# Building up slowly



## adil.fakier.5 (12/2/15)



Reactions: Like 3


----------



## Ricgt (12/2/15)

@adil.fakier.5 nice collection there bud, if that is what you are starting out with then I see a bright future for you in vape land


----------



## adil.fakier.5 (12/2/15)

Thanks bud just cant get vapejuices to keep me excited lol im in the south of Johannesburg anyone u know around nearby need to try other juices


----------



## Ricgt (12/2/15)

adil.fakier.5 said:


> Thanks bud just cant get vapejuices to keep me excited lol im in the south of Johannesburg anyone u know around nearby need to try other juices



Haha story of all of our lives around here bru... The search for more juice! 

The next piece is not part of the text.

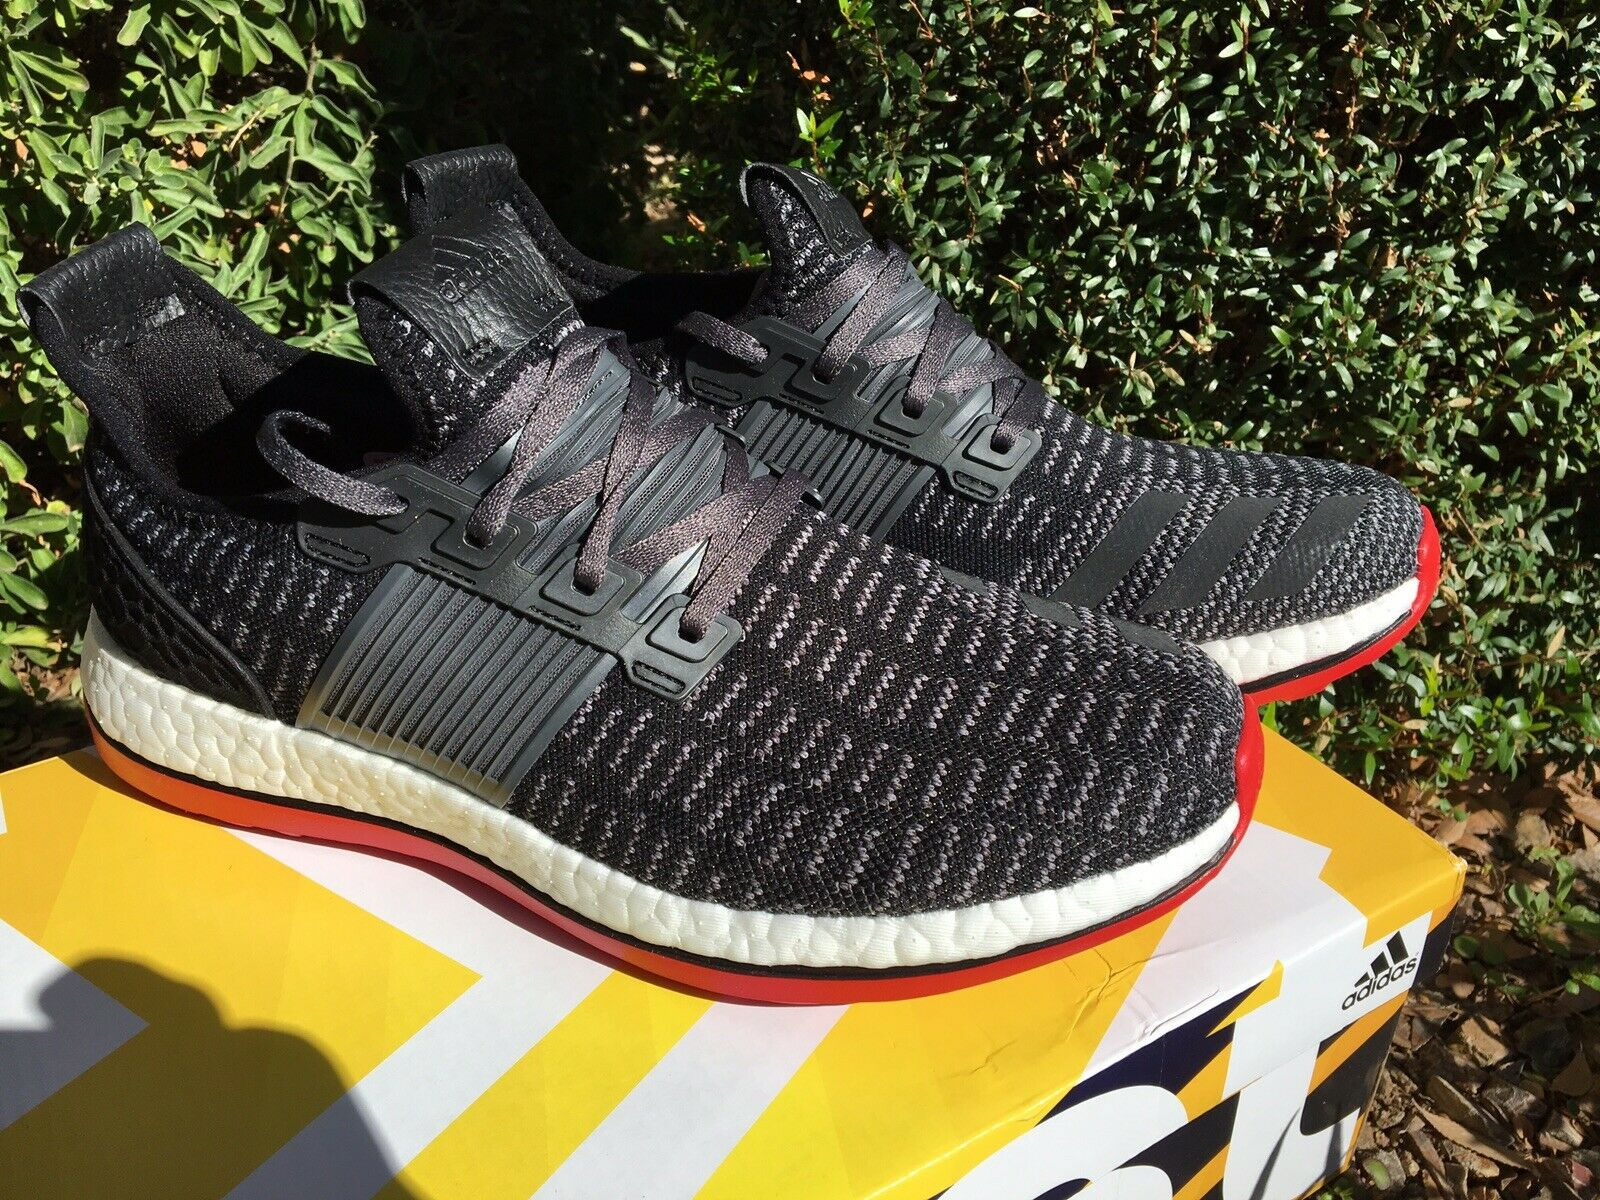 NEW Adidas Pureboost ZG Prime AQ6761 Men's Running Size 9.5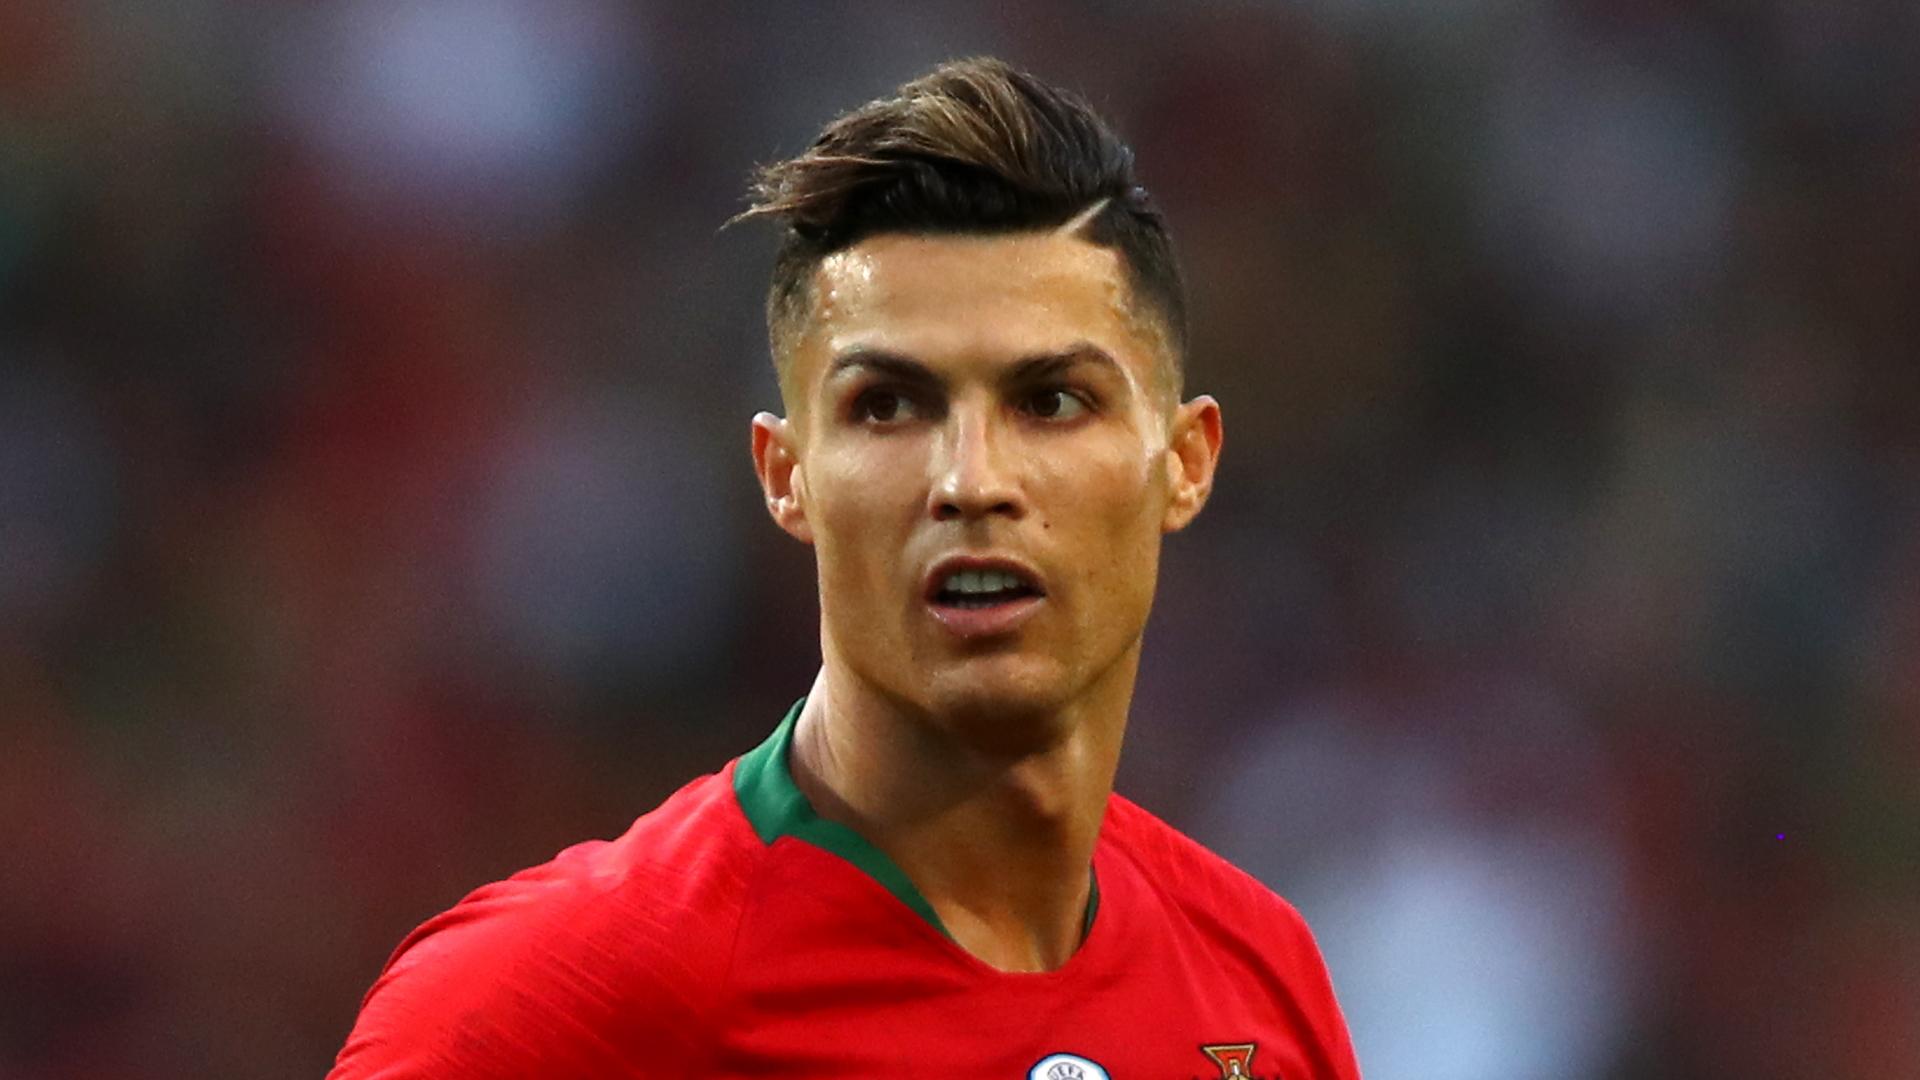 Cristiano Ronaldo répond sur le terrain - Euro 2020

Check out Vape King in Fourways, they have a nice juice bar where you can sample the juice before you buy.

Reactions: Agree 1


----------



## rogue zombie (12/2/15)

adil.fakier.5 said:


> Thanks bud just cant get vapejuices to keep me excited lol im in the south of Johannesburg anyone u know around nearby need to try other juices



Also VapeCartel @KieranD lives not too far from you (afaik in Meyersdal)

www.vapecartel.co.za


----------



## adil.fakier.5 (12/2/15)

Thanks rouge ill check them put most definitely


----------



## stevie g (12/2/15)

DIY does it for me. Pretty big startup cost though I dropped 1.7k getting almost all the flavours and bases etc.


----------



## adil.fakier.5 (12/2/15)

Really that sounds interesting coach me there


----------